The core of GeoNames database is provided by official public sources, the quality of which may vary. Through a wiki interface, users are invited to manually edit and improve the database by adding or correcting names, move existing features, add new features, etc.
Semantic Web integrationEdit
Each GeoNames feature is represented as a web resource identified by a stable URI. This URI provides access, through content negotiation, either to the HTML wiki page, or to a RDF description of the feature, using elements of the GeoNames ontology. This ontology describes the GeoNames features properties using the Web Ontology Language, the feature classes and codes being described in the SKOS language. Through Wikipedia articles URL linked in the RDF descriptions, GeoNames data are linked to DBpedia data and other RDF Linked Data.

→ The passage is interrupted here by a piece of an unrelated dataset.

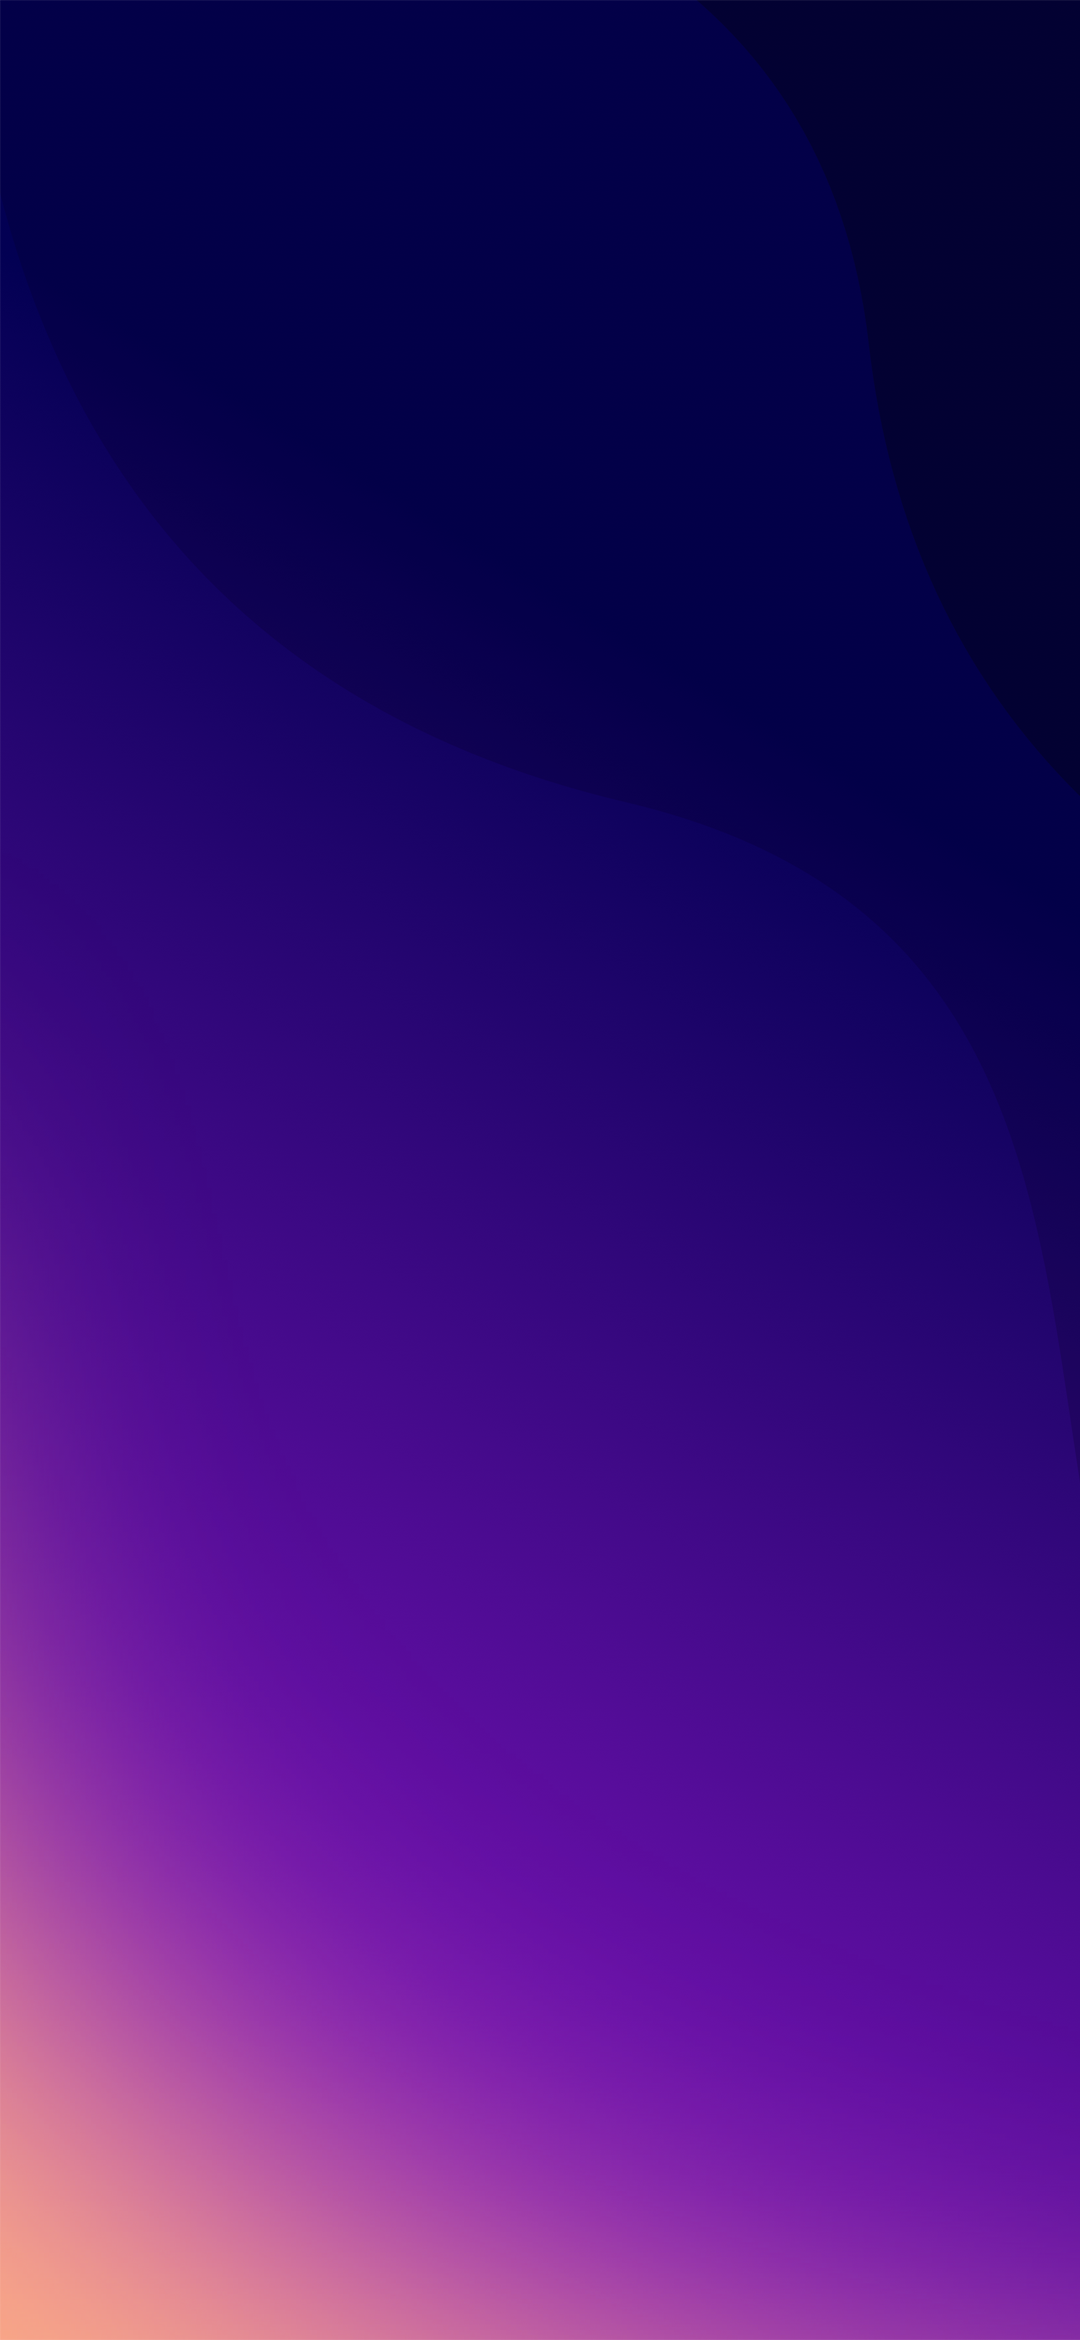 Android Gradient Wallpaper Free Android Gradient Background

Accuracy and improvementsEdit
As in other crowdsourcing schemes, GeoNames edit interface allows everyone to sign in and edit the database, hence false information can be entered and such information can remain undetected especially for places that are not accessed frequently. Ahlers (2013) studies these inaccuracies and classifies them into loss in the granularity of coordinates (e.g., due to truncation and low-resolution geocoding in some cases), wrong feature codes, near-identical places, and the placement of places outside their designated countries. Manually correcting these inaccuracies is both tedious and error prone (due to the database size) and may require experts.
The literature provides very few works on automatically resolving them. Singh & Rafiei (2018) study the problem of automatically detecting the scope of locations in a geographical database and its applications in identifying inconsistencies and improving the quality of the database. Computing the boundary information can help detect inconsistencies such as near-identical places and the placement of locations such as cities under wrong parents such as provinces or countries. Singh and Rafiei show that the boundary information derived in their work can move more than 20% of locations in GeoNames to better positions in the spatial hierarchy and the accuracy of those moves is over 90%.